START ENTRIES PROVIDED
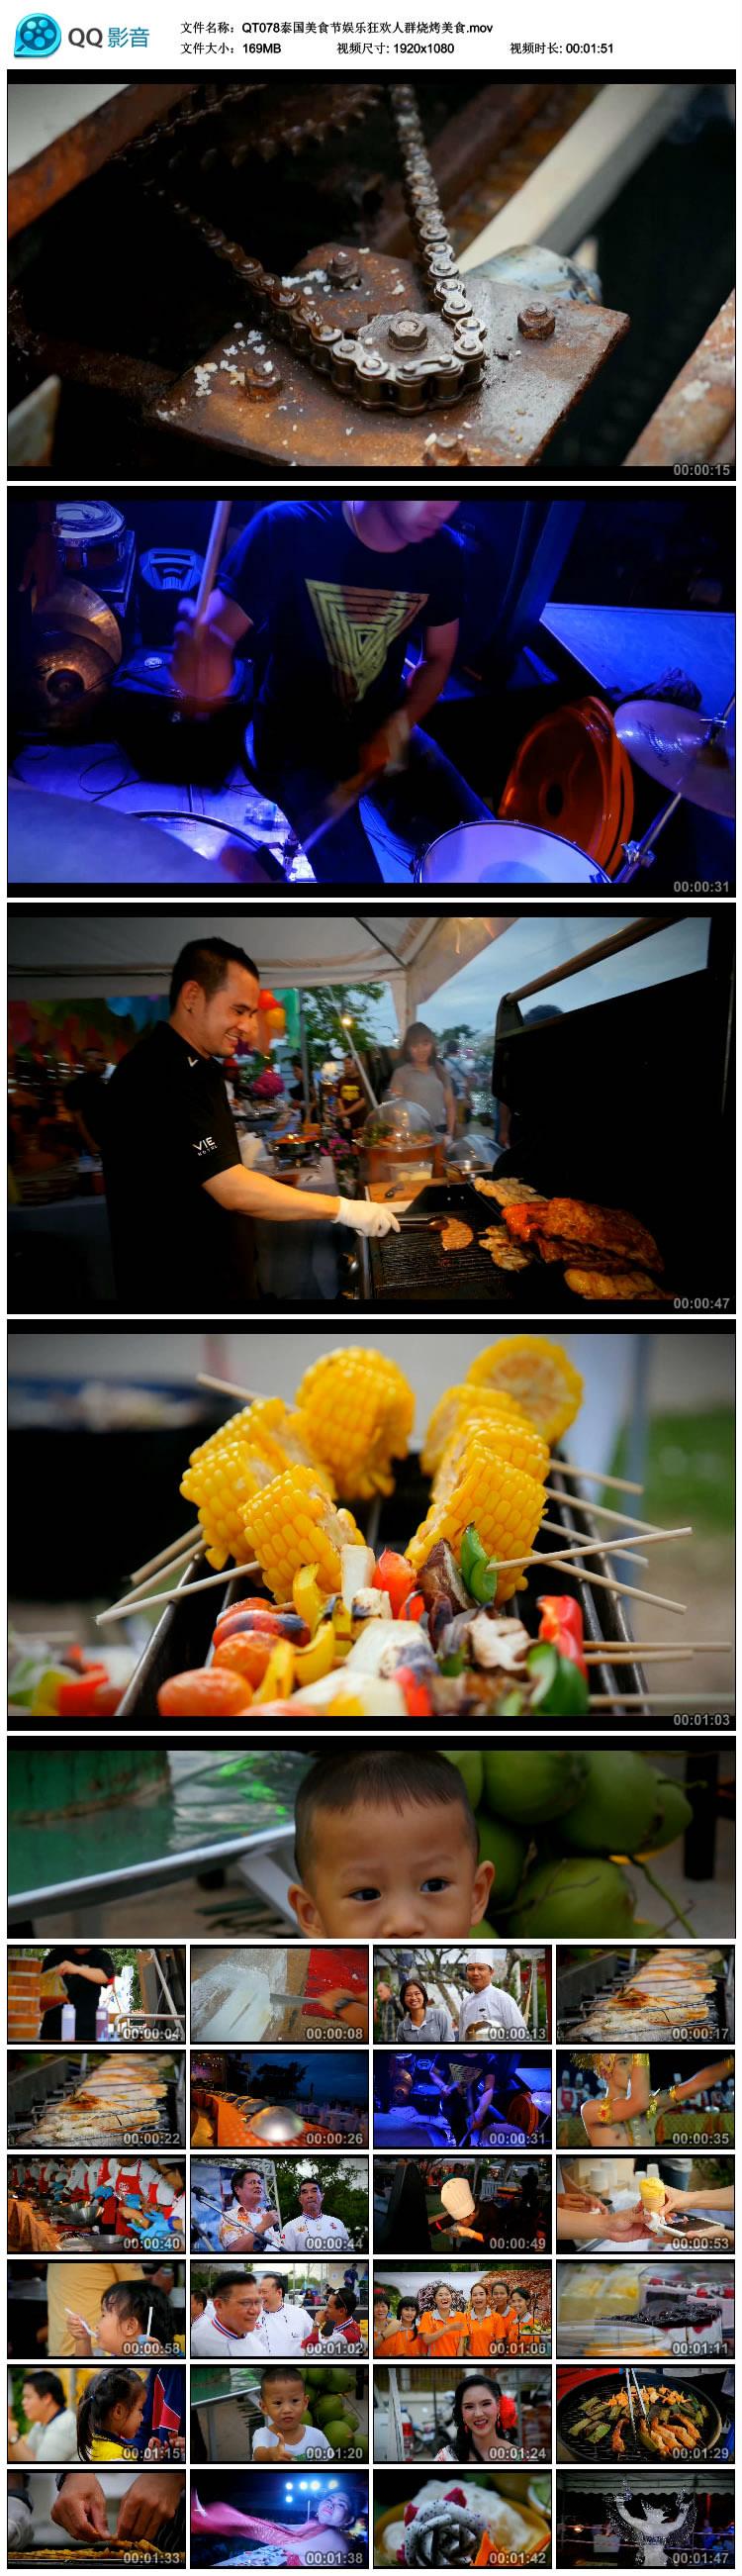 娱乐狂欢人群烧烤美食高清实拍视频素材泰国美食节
END ENTRIES PROVIDED
START ENTRIES PROVIDED
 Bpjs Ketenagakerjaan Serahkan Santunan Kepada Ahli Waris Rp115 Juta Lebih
END ENTRIES PROVIDED
START ENTRIES PROVIDED
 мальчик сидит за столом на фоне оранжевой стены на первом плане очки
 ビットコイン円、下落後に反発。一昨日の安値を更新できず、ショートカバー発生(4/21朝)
END ENTRIES PROVIDED
__WHAT YOU WILL DO__. All lines above from the one holding "мальчик сидит за" to the one holding "ビットコイン円、下落後に反発", inclusive, are to be copied exactly; no other line is wanted.

__RESULT FOR THIS TASK__.
 мальчик сидит за столом на фоне оранжевой стены на первом плане очки
 ビットコイン円、下落後に反発。一昨日の安値を更新できず、ショートカバー発生(4/21朝)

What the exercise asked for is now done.